Therefore, the transmission control protocol must be implemented at the endpoint. Before going into details about the TCP protocol, we should first look at what it cannot do. Because the IP Protocol does not provide guarantees, TCP cannot provide such guarantees that depend on the underlying link of the IP, such as bandwidth, such as latency, these are determined by the link layer. Since the IP Protocol cannot be repaired or the TCP protocol cannot, it can modify some "unguaranteed properties" that begin with the IP layer. These properties include the unreliability of the IP layer, the IP layer is not sequential, And the IP layer has no direction or connection.

This section summarizes the TCP/IP model from the bottom up, with more features and fewer devices to be implemented. However, the complexity of devices is increasing, which minimizes costs, as for the performance or factors, it depends on the software. TCP protocol is such a software. In fact, TCP did not consider performance, efficiency, and fairness at the very beginning, TCP protocol is complicated.

3. TCP protocol

This is a software-only protocol. Why do we design two endpoints? For more information, see the previous section. This section describes the TCP protocol and briefly discusses it in the middle.

3.1.TCP

Specifically, the TCP protocol has two identities. As a network protocol, it makes up for the shortcomings of the IP protocol in the best effort for service, and achieves connection, reliable transmission, and packets arrive in order. As a host software, it isolates host services and networks from UDP and the transmission layer protocol between the left and right. They can be seen as a multiplexing/demultiplexing, multiplexing/demultiplexing of host process data to the IP layer. It can be seen that TCP exists as an interface from any angle. As a network protocol, it implements the control logic of TCP with the peer TCP interface, and serves as a multiplexing/demultiplexing, it implements the protocol stack function with the lower-layer IP protocol interface, which is the basic definition of the hierarchical network protocol model (two types of interfaces: one class and the lower layer interfaces, and the other class and the peer layer interfaces ).

We are used to taking TCP as the top of the protocol stack, instead of using the application layer protocol as a part of the protocol stack. This is partly because the application layer is reused by TCP/UDP, there is a complicated situation. The application layer protocol is interpreted in a different way. The application layer protocol is used to be encapsulated in a way similar to the ASN.1 standard, this reflects the importance of the TCP protocol as a multiplexing/demultiplexing.
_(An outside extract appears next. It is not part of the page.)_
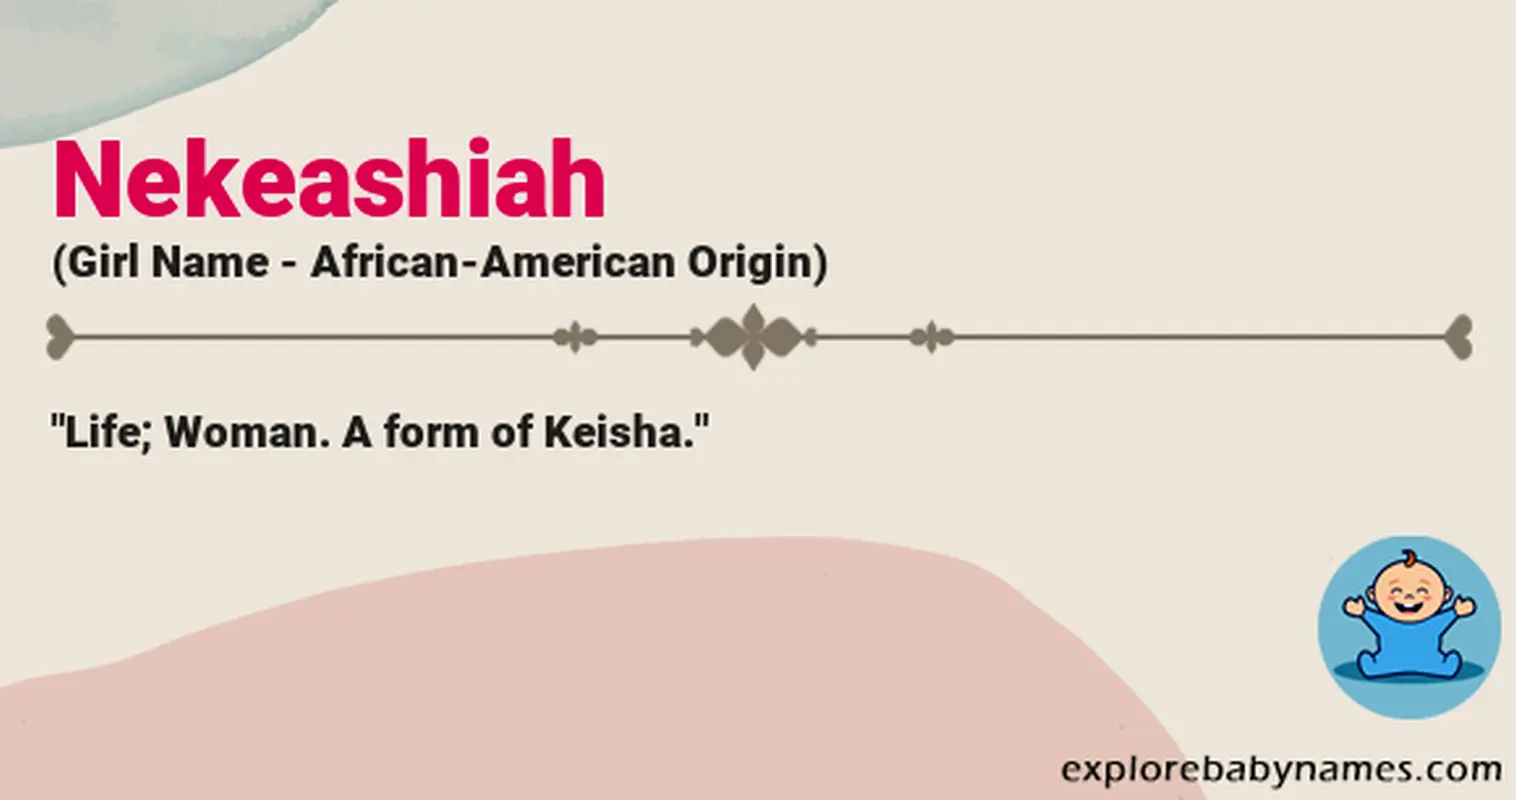 Meaning of Nekeashiah
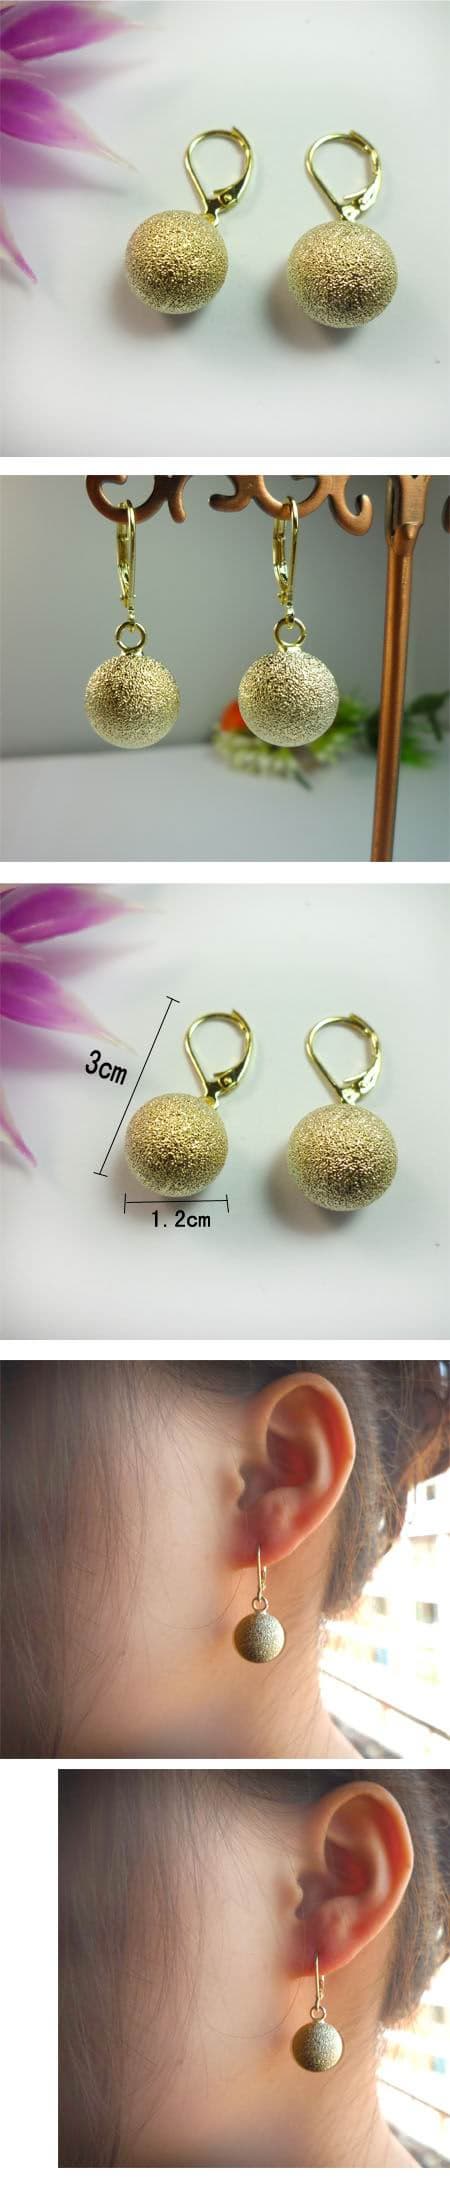 Women's Style Gold Bead Pierced Earrings

Because of its direct and application interfaces, it can be easily directly controlled by applications to implement different transmission control policies, this is one of the reasons why TCP is designed not too far away from the application.

In short, there are four key points of TCP: connection, reliable transmission, arrival, and end-to-end traffic control. Note: TCP is designed to only ensure these four points. At this time, although it has some problems, it is very simple, but the bigger problems are quickly presented, so that it has to consider what is related to the IP network, for example, fairness and efficiency increase congestion control, so TCP is now like this.

. TCP with connection, reliable transmission, and data arrival in order

The IP protocol has no direction, and the data transmission can reach the peer end all by routing. Therefore, it is to arrive at the peer end in one hop, as long as one hop does not reach the peer route, data transmission will fail, in fact, routing is also one of the core of the Internet. In fact, the core basic skills provided by the IP layer can have two points: Address Management and routing. TCP uses the simple IP routing function, so TCP does not have to consider routing. This is another reason why it is designed as an end-to-end protocol.

Since the IP address has tried its best to allow separate data packets to reach the peer end, TCP can implement other stricter control functions on this network with the best effort. TCP adds connectivity to the communication of unconnected IP networks, confirms the status of the data that has been sent, and ensures the Data Order.

3.2.1. Connected

This is the basis of TCP, because the reliability and data sequence of subsequent transmission depend on a connection, which is the simplest implementation method. Therefore, TCP is designed as a stream-based protocol, since TCP needs to establish a connection in advance, it doesn't matter how much data is transmitted afterwards, as long as the data of the same connection can be identified.

FAQ: handshake and 4 waves

TCP uses three handshakes to establish a connection. The handshake initializes the information required for transmission reliability and data sequence. The information includes the initial serial numbers in both directions, and the validation numbers are generated by the initial serial numbers, the three handshakes are used because the three handshakes have prepared the required information for transmission reliability and data sequence. The 3rd handshakes do not need to be transmitted separately, it can be transmitted together with data.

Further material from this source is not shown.